Well, days before exam madness started and then I left for Shanghai, I went on a tour of some of the more famous attractions in Quanzhou with a friend. It's amazing how one can live in a city for so long without ever seeing its tourist spots.
The picture above is a small local temple on one of the back streets we took to reach one of the larger temples. It has a lot of character though. It's probably the most crazily decorated temple I've seen.
And this boy was sitting on his rocking chair watching us as we passed. He was pretty thrilled that we took his picture.
Above is one of the pagodas of the Kaiyuan temple, probably Quanzhou's most famous temple. It has two towers - the "twin pagodas." I don't think it's possible to capture both in one picture without a helicopter, but the other one looks the same. Promise.
Couldn't resist. Isn't he cute?
There are lots of buildings on the grounds of the Kaiyuan Temple. Somehow I didn't manage to get a good picture of the main building, but this is another worship hall (I think.)
One of the courtyards held broken statues. Somehow they all lost only their heads.

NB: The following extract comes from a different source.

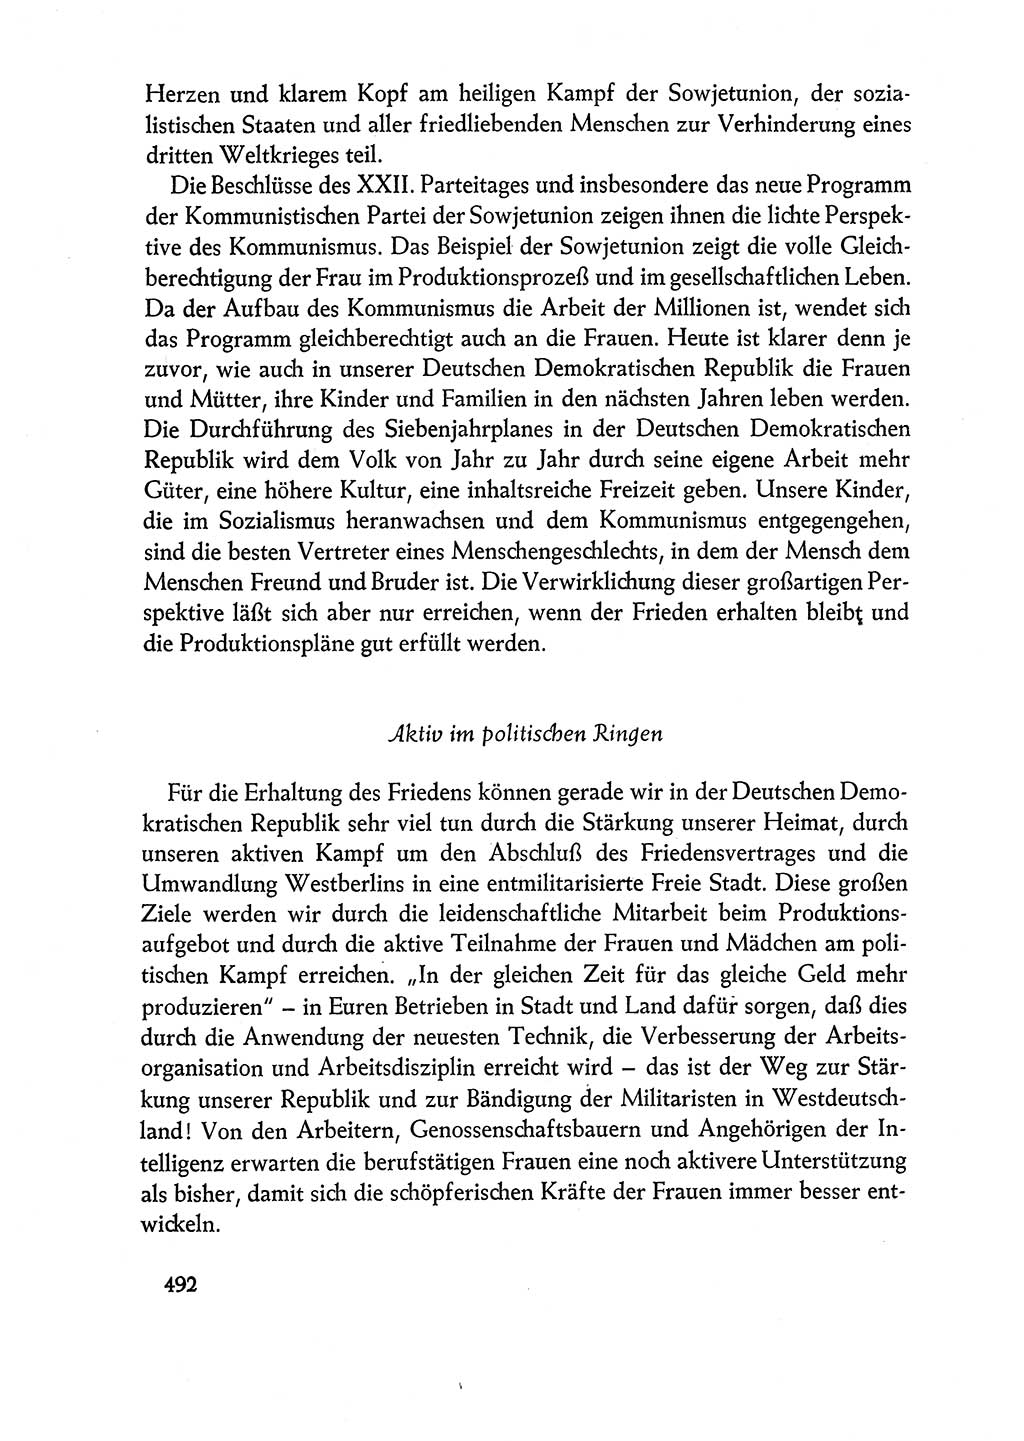 Dokumente der Sozialistischen Einheitspartei Deutschlands (SED) [Deutsche Demokratische Republik (DDR)] 1960-1961, Seite 492 (Dok. SED DDR 1960-1961, S. 492)

We also went to the Qingjing Mosque, which is my favorite spot in Quanzhou. It's a thousand years old, which in and of itself it really cool, but mosques are also pretty rare in China. This beautiful old mosque is a sign of Quanzhou's cosmopolitan past. In the late first millenium and beginning of the second, Quanzhou was a very busy international port, so it also had people from all over the world living and traveling through there. Among other things, it had a large Muslim population. Nowadays there is still a Muslim population, for whom a new mosque was built just last year (not picture, mea culpa.)
After 1,000 years, the roof and much of the inside architecture of the mosque has been lost. It's got a stark beauty to it though, like most ruins, I suppose.